### Task item
When you reach the records below, output each one exactly.

(Data items)
====

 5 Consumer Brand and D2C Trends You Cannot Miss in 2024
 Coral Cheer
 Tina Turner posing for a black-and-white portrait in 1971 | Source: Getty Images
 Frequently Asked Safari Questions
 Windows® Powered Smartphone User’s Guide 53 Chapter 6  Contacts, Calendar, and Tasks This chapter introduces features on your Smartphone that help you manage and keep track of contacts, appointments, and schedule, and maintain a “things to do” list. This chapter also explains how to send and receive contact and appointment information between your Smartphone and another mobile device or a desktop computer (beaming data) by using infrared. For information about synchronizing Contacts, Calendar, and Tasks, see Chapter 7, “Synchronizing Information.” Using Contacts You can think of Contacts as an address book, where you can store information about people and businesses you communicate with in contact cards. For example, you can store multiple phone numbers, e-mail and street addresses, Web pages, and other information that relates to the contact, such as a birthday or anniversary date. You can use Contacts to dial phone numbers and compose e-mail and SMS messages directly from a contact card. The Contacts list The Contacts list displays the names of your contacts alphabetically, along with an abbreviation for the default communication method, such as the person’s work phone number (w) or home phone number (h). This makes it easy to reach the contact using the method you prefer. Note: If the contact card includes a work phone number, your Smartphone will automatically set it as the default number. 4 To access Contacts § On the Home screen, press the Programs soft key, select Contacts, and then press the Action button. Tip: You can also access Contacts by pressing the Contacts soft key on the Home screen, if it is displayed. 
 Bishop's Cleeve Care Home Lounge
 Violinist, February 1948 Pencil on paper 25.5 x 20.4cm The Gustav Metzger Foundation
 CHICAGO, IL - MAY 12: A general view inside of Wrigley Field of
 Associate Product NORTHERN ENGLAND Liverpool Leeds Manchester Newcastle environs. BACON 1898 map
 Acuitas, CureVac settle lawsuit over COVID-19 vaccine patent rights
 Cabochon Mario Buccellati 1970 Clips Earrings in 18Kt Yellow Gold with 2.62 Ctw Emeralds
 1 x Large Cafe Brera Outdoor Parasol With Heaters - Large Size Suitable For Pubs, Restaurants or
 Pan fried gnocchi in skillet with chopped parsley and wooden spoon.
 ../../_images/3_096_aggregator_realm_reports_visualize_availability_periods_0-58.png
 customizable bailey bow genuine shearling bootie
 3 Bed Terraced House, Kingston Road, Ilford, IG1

====

### Task solution
 5 Consumer Brand and D2C Trends You Cannot Miss in 2024
 Coral Cheer
 Tina Turner posing for a black-and-white portrait in 1971 | Source: Getty Images
 Frequently Asked Safari Questions
 Windows® Powered Smartphone User’s Guide 53 Chapter 6  Contacts, Calendar, and Tasks This chapter introduces features on your Smartphone that help you manage and keep track of contacts, appointments, and schedule, and maintain a “things to do” list. This chapter also explains how to send and receive contact and appointment information between your Smartphone and another mobile device or a desktop computer (beaming data) by using infrared. For information about synchronizing Contacts, Calendar, and Tasks, see Chapter 7, “Synchronizing Information.” Using Contacts You can think of Contacts as an address book, where you can store information about people and businesses you communicate with in contact cards. For example, you can store multiple phone numbers, e-mail and street addresses, Web pages, and other information that relates to the contact, such as a birthday or anniversary date. You can use Contacts to dial phone numbers and compose e-mail and SMS messages directly from a contact card. The Contacts list The Contacts list displays the names of your contacts alphabetically, along with an abbreviation for the default communication method, such as the person’s work phone number (w) or home phone number (h). This makes it easy to reach the contact using the method you prefer. Note: If the contact card includes a work phone number, your Smartphone will automatically set it as the default number. 4 To access Contacts § On the Home screen, press the Programs soft key, select Contacts, and then press the Action button. Tip: You can also access Contacts by pressing the Contacts soft key on the Home screen, if it is displayed. 
 Bishop's Cleeve Care Home Lounge
 Violinist, February 1948 Pencil on paper 25.5 x 20.4cm The Gustav Metzger Foundation
 CHICAGO, IL - MAY 12: A general view inside of Wrigley Field of
 Associate Product NORTHERN ENGLAND Liverpool Leeds Manchester Newcastle environs. BACON 1898 map
 Acuitas, CureVac settle lawsuit over COVID-19 vaccine patent rights
 Cabochon Mario Buccellati 1970 Clips Earrings in 18Kt Yellow Gold with 2.62 Ctw Emeralds
 1 x Large Cafe Brera Outdoor Parasol With Heaters - Large Size Suitable For Pubs, Restaurants or
 Pan fried gnocchi in skillet with chopped parsley and wooden spoon.
 ../../_images/3_096_aggregator_realm_reports_visualize_availability_periods_0-58.png
 customizable bailey bow genuine shearling bootie
 3 Bed Terraced House, Kingston Road, Ilford, IG1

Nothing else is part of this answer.